En 1963, una vez superado el “invierno” del entonces ministro Alvaro Alsogaray, con seis o siete sueldos de obrero industrial especializado se podía comprar el pequeño, aunque eficiente, Fiat 600. Esos trabajadores se consideraban clase media, enviaban a sus hijos a las universidades en las ciudades más importantes del país, elegían pasar sus vacaciones en el mar o en las sierras o en sur patagónico. Y allí iban, soportando los calores y las rutas angostas, sin comodidades.
La inflación los castigaba, pero no tanto, no los traumatizaba, no les trababa el acceso a los bienes por entonces sofisticados. El Estado de Bienestar del peronismo permanecía en el imaginario colectivo y la inmensa mayoría creía en el porvenir.
Los obreros no estaban solos. Los primeros sociólogos recibidos en la Universidad de Buenos Aires, los que indagaban sobre pautas, comportamientos y esperanzas de las distintas capas sociales sabían que el personaje Mafalda (creado por el talento de Quino), junto con sus padres, su hermanito y sus amiguitos expresaban las apetencias y las dudas de una clase media aturdida.
Los políticos seducían a esa clase, intentaban sondear sus emociones y expectativas. Aunque se tratara de un estamento (en especial, las capas medias urbanas) muy ciclotímico en sus elecciones políticas, decisivas en el momento en el que emitían el voto.
La clase media también se expresaba en sus opciones culturales e intelectuales. Es la clase que colaboró activamente en el cambio de las costumbres de todo tipo y color, en la aceptación de un arte a contramano (uno de sus refugios fue el Instituto Di Tella) la que sugería la compra de las revistas semanales (Primera Plana, Confirmado, Panorama, Análisis), la moda que se renovaba año tras año, las lecturas de libros casi obligatorios, los lugares determinados para el turismo. La misma clase que seguía la evolución económica y política del país, un grupo humano que amparó los grandes cambios políticos y los escenarios propicios para la militancia política. Los hijos de esa clase participaron activamente, junto con los sindicatos, en el “Cordobazo” en 1969 y luego en la “guerrilla urbana y rural”.
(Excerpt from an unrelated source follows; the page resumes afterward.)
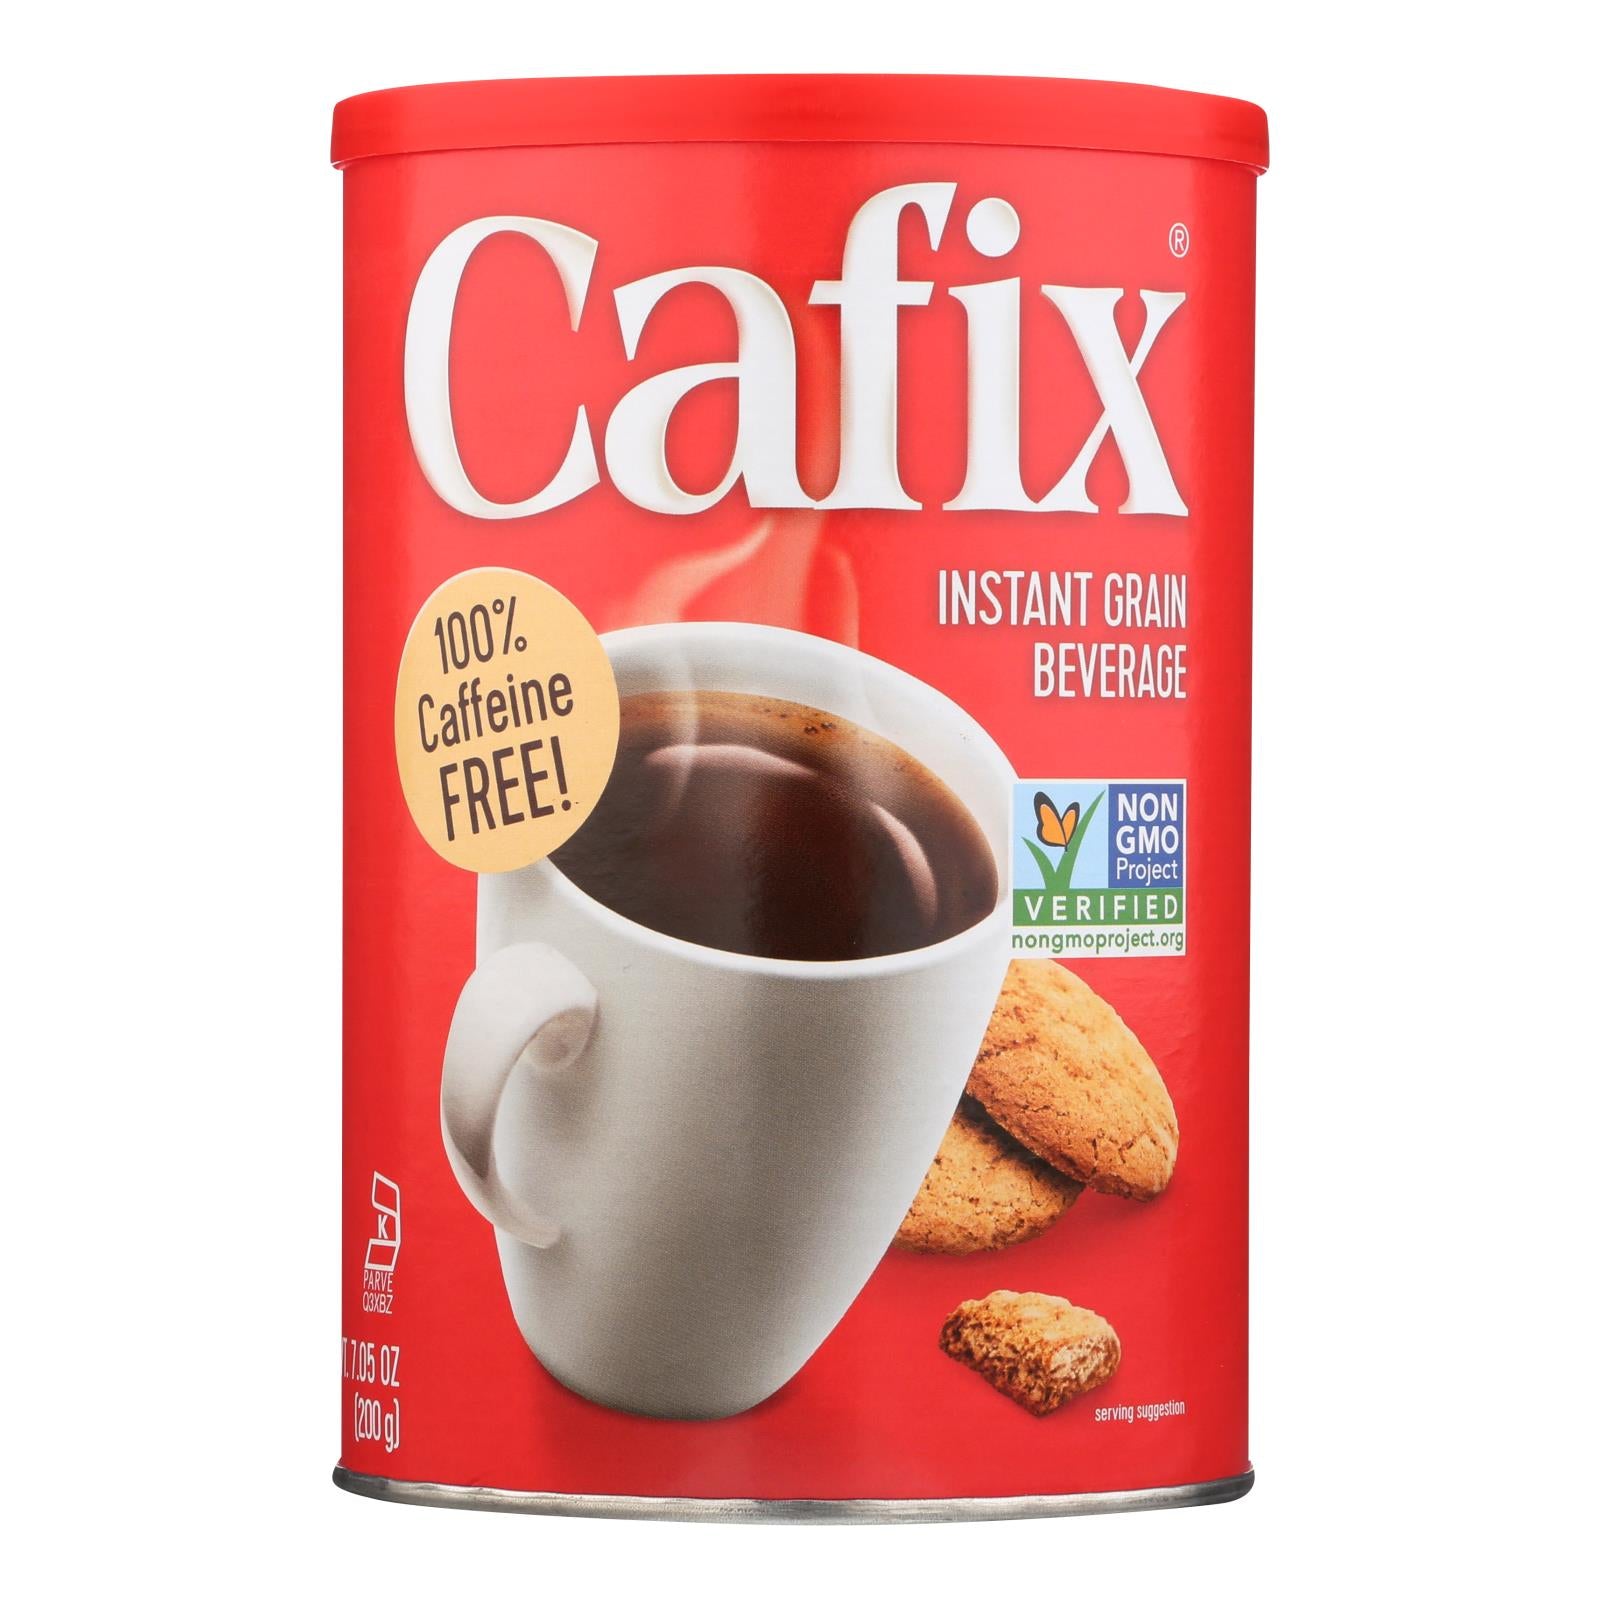 Cafix All Natural Instant Beverage Coffee Substitute - Caffeine Free - Case Of 6 - 7.05 Oz.

La buena vida de la clase media concluyó drásticamente con el “Rodrigazo”, en 1975. Con la devaluación del 100% más el aumento de tarifas, de combustibles, de servicios elementales, numerosos integrantes de esa clase bajaron varios escalones en la pirámide social, en pocos días. Tuvieron que desprenderse de sus activos familiares, perdieron bastante, se empobrecieron. La mayor proporción no pudo volver a ser lo que fue antes, no volvieron al circuito normal (o legal) del trabajo.
Un año antes, en 1974, se calculaba que un poco más del 82% de la población argentina integraba la clase media y tan sólo el 7,1% era pobre. Hace tres años, en 2007, la clase media (la de los ingresos medios) constituía el 58% del total de habitantes y los de bajos ingresos el 32 por ciento.
En 1988, arribó el tsunami económico con una hiperinflación del 1.000% anual, que mató el equilibrio que sostenían otros subsectores de la clase media que no habían sido heridos antes. En una investigación emprendida por economistas de la Universidad de San Andrés, se afirma que a partir de 1994, en medio de la Convertibilidad (aunque un año antes del “tequilazo”) la realidad social fue empeorando mes a mes, año tras año. Pero pese a todo, los indicadores de aquel 1994 ( 63,8% de clase media y 26,1% de pobreza) superan, son mejores que los de ahora.
Antes de dejar de salir definitivamente la tira gráfica de Mafalda, la criatura se paraba,enojada y comentaba, a los gritos : “Sí, somos la clase media, pero partida por la mitad”. ¿Qué podría decir ahora Mafalda?. En 2002, en medio del colapso, la clase media descendió al fondo del pozo: sólo incluía al mínimo 26% de la población total. En ese año, bastante más del 63% no tenía recursos para poder cubrir las necesidades básicas.
Desde la intervención del Indec, en 2007, no hay más cifras confiables. Aunque es un dato decisivo en tiempos electorales. ¿El Censo traerá la verdad?